Now Jeff was an entrepreneur back in college, he started a laundry service. That’s right, these guys didn’t grind and then wake up and decide to be entrepreneurs, they were ALWAYS entrepreneurs. Then he paid his dues at ICM and at Awesomeness TV and now at the ripe old age of 31 is managing Logan. Hell, Moe is 27. Jake 28! Think about that, Jake and Moe weren’t even 10 when Napster launched, they’re not burdened by history, shackled to the past.

And Jeff talks about brand partnerships and advertising and the more you hear the more you’re convinced that this couldn’t all be true until you Google it and it is. Logan’s video today was launched two hours ago and already has 472,555 views, hell, I doubt that’s accurate, because YESTERDAY’S already has 4.1 million! Yup, the clips average 5 million views a day, and let’s be clear, there are musicians accumulating this number of streams, but they’re the ones ruling Spotify that the oldsters hate. But the joke is on the oldsters. The youngsters have tapped into the zeitgeist, and the oldsters are in the self-satisfied rearview mirror.

And now you’re saying that social media stars fade. There’s no there there. But Logan is selling story and has already been on “Law & Order” and “Stitchers” and has done a video with the Rock and even if it all ends tomorrow, he’s made money, and proven the paradigm…the younger generation will embrace a new kind of star, one outside the traditional actor/musician paradigm. Hell, they think they KNOW Logan. Do we really know the people on the big screen?

And speaking of a younger generation, Jake manages 13 year old Grace VanderWaal, winner of “America’s Got Talent” in 2016.

He pursued it. Was a joke in the competition. People wouldn’t even take his phone calls. But after getting Grace a gig at the Special Olympics in Austria and hooking her up with Cirque du Soleil she ultimately signed with him.

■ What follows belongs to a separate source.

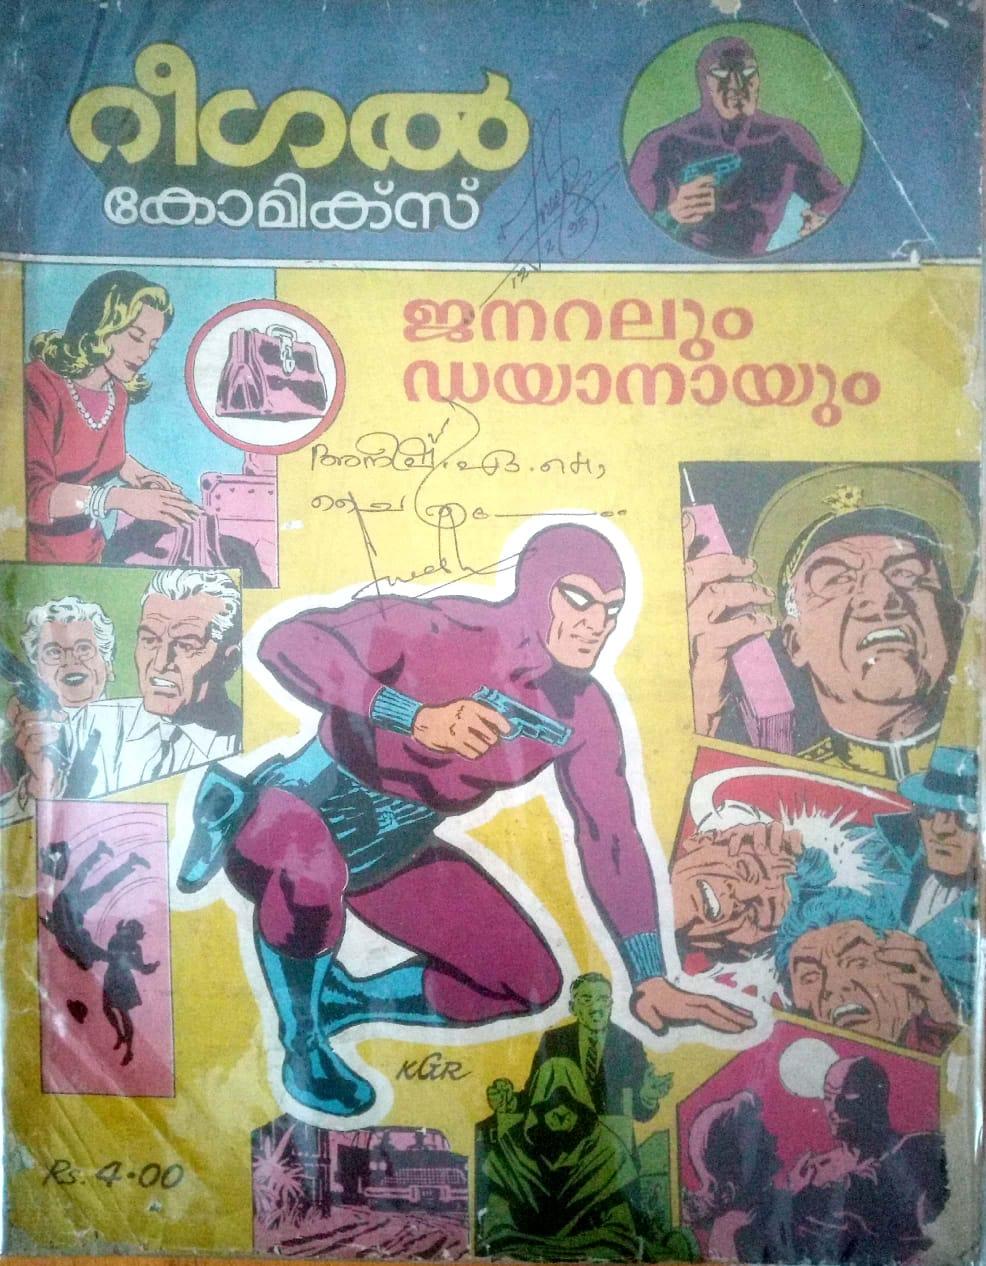 Extrem Comics !!!!!: Regal Comics....... HU29

Took six months. And when he finally flew to meet Grace herself, previously her attorney wouldn’t allow it, she was bored and thought he wasn’t big enough until…

He asked her what she wanted to do.

Everybody was TELLING Grace what she should do! She felt caged. She was unhappy with the choice of single, well Jake said they could make their own video of another track and put it online. WE CAN DO THAT? Yup, you can build your own website, communicate with your fans, she was afraid of the label, no one was on her side, and that’s what a manager does, protect the interests of the artist whilst brainstorming opportunities.

And the truth is the oldsters are consumed with the old opportunities. Get a record contract and sign a deal with Live Nation or AEG. But there’s so much more. And it’s all online. And it’s all data. And it’s all incomprehensible to the old guard, their cheese has not only been moved, but stolen, and they don’t like it, these youngsters running circles around them, debating the value of Facebook ads, leveraging the power of their stars in heretofore unseen ways.

It’s exhausting just hearing about it.

But not every millennial is triumphing. Jake’s old friends are becoming professionals, doctors and lawyers, they’re playing it safe. Moe doesn’t even talk to the guys he grew up with, who are now cops. Jeff knows some successes, but it’s not everybody. That’s right, we paint millennials with a broad brush, but the truth is they’re individuals. And they’re excited about the entertainment business and the opportunities. But they’re not bitching and they’re not confined by the system, they’re doing it THEIR WAY! AND THEY’RE YOUNG!

If you’re in your twenties you’ve got forty years ahead of you. They know all the players, Scooter, et al, and they’re less into personal glory than power and money, changing the world.